Люси исчезла. Он снова поехал к дому из желтого кирпича, но она там уже не жила. Привратник сказал, что нового адреса мисс Гласе не оставила. Служка приходил туда еще, но получал тот же ответ. Он позвонил ей, и магнитофон на телефонной станции пробубнил, что номер отключен.
Глассер стал искать ее на улицах, хотя Фей и Хелен удерживали его. Он убеждал их, что не может по-другому. "Почему?" — спрашивали они. В ответ он начинал навзрыд плакать. Он бродил среди проституток по Восьмой авеню, по Девятой, по Бродвею. Иногда заглядывал в какую-нибудь замызганную гостиницу и называл ее имя. Никто про Люси не слышал.
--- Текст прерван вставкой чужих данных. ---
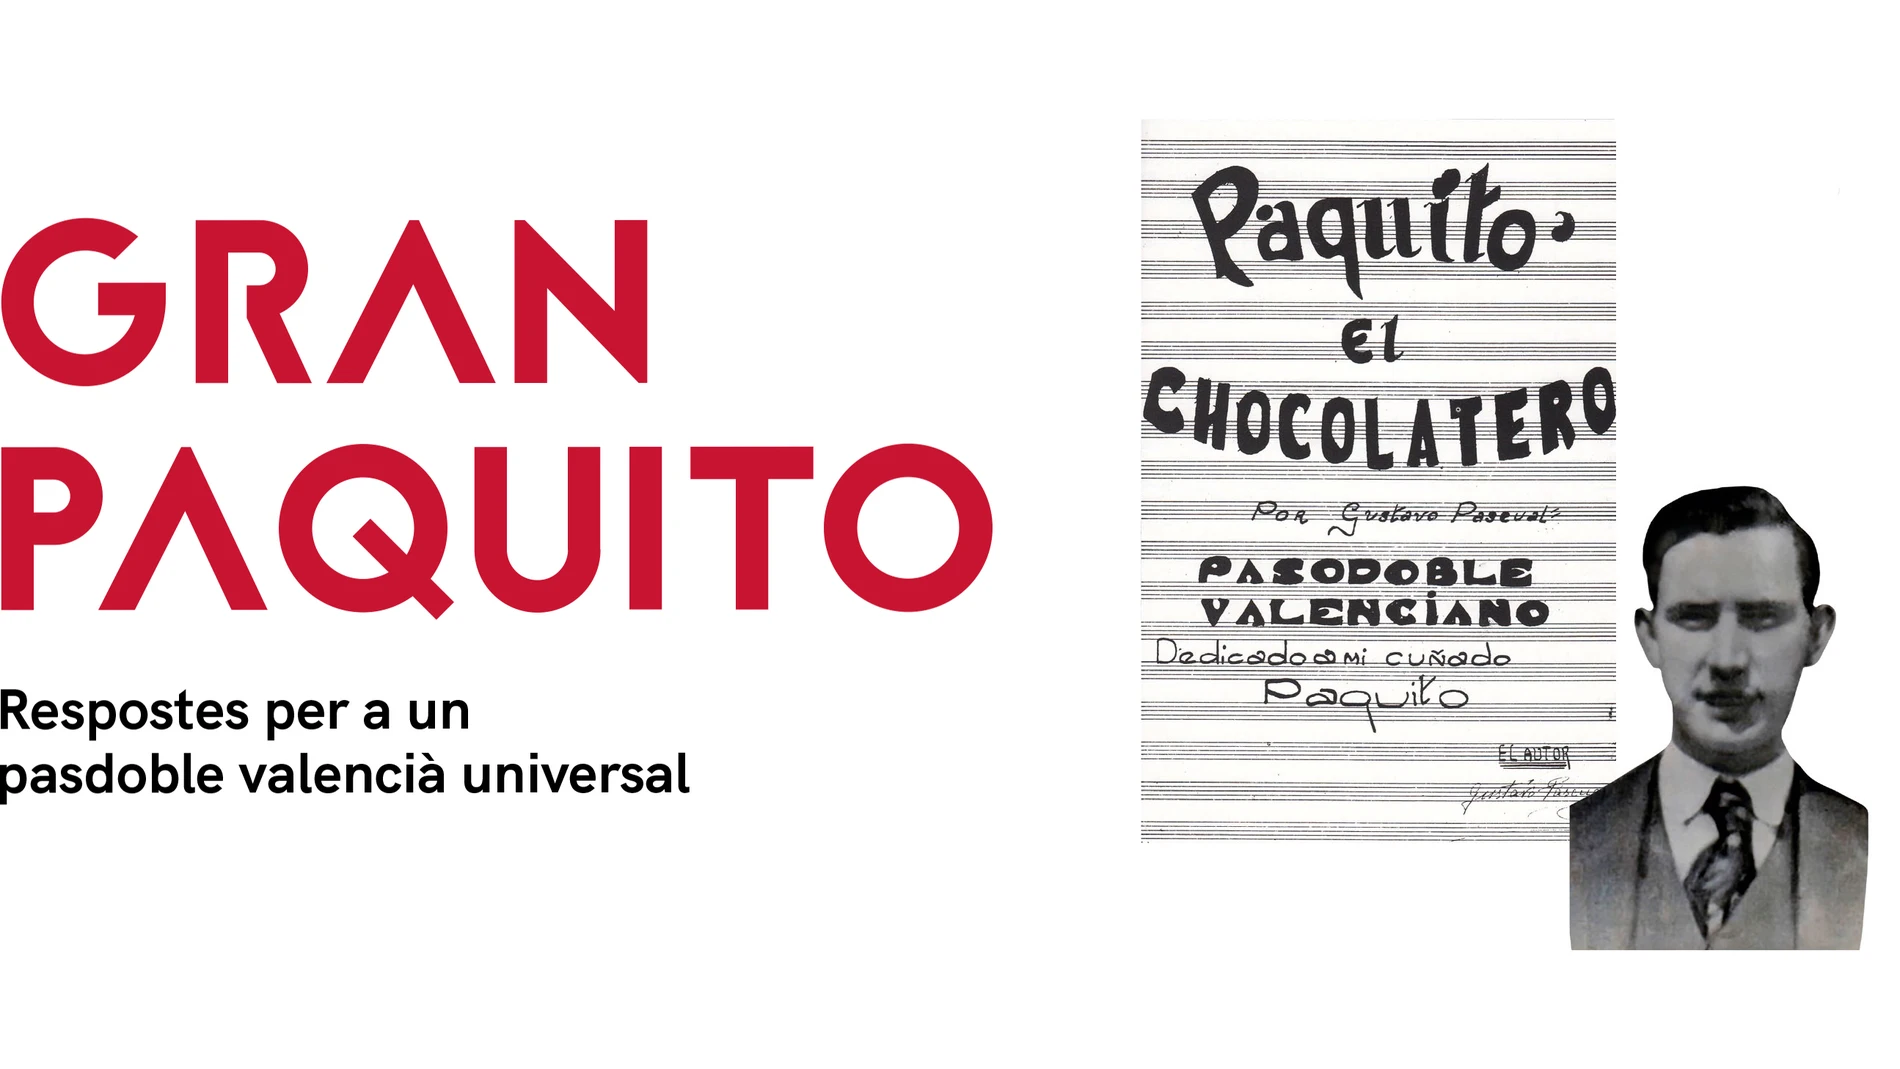 Cartel anunciador del homenaje a "Paquito el chocolatero"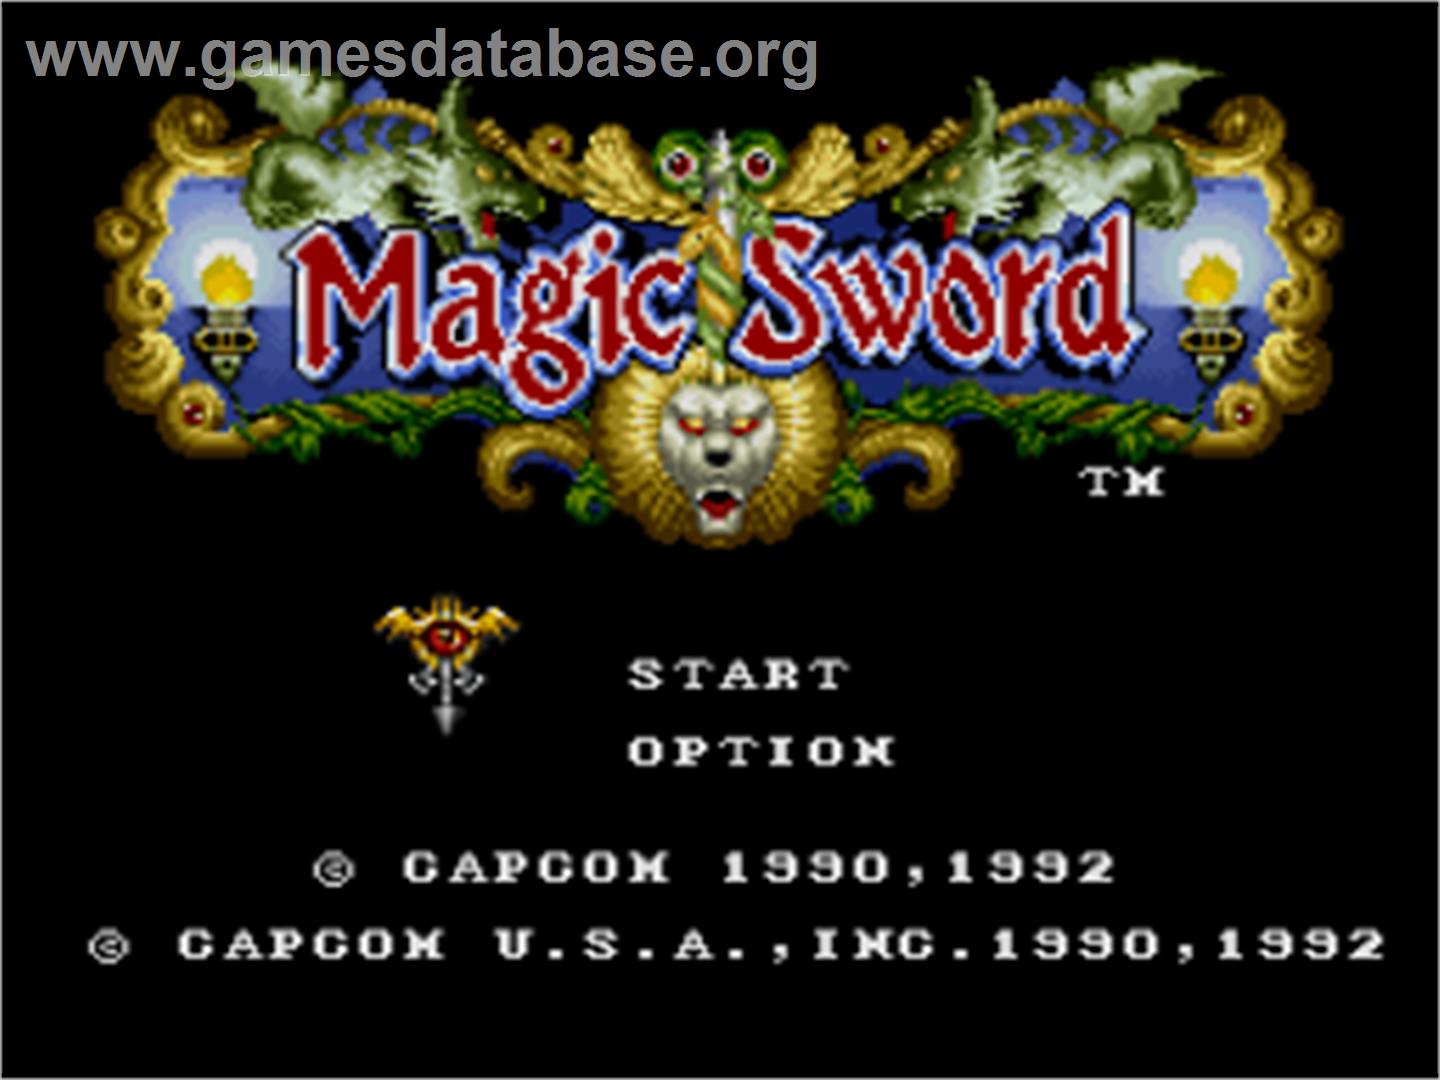 Magic Sword - Nintendo SNES - Artwork - Title Screen

Поздним вечером в октябре он увидел ее на Третьей авеню около Двадцать третьей улицы. Хотя было холодно, она стояла без пальто, у обочины в центре квартала. На ней был толстый белый свитер и кожаная мини-юбка. Сзади на юбке болталось небольшое круглое зеркальце с металлической ручкой и хлопало ее по толстому заду, когда она двигалась.
Глассер перешел авеню и молча дожидался, пока она переборет смятение.
— Лусилл, — стал умолять он. — Вернись домой к своему папе. Мы ничего никому не скажем. Твоя комната тебя ждет.
Люси злобно рассмеялась. Она растолстела. Когда он попытался пойти за ней, в лицо ему полетели грязные ругательства. Он перешел на противоположную сторону и замер у неосвещенного подъезда. Люси бродила вдоль квартала, заговаривая с мужчинами. Иногда кто-нибудь из них останавливался. Потом они вместе шли к темной захудалой гостинице в соседнем переулке, и через полчаса она возвращалась на Третью авеню и вставала где-нибудь около Двадцать третьей, Двадцать второй или Двадцать шестой улицы.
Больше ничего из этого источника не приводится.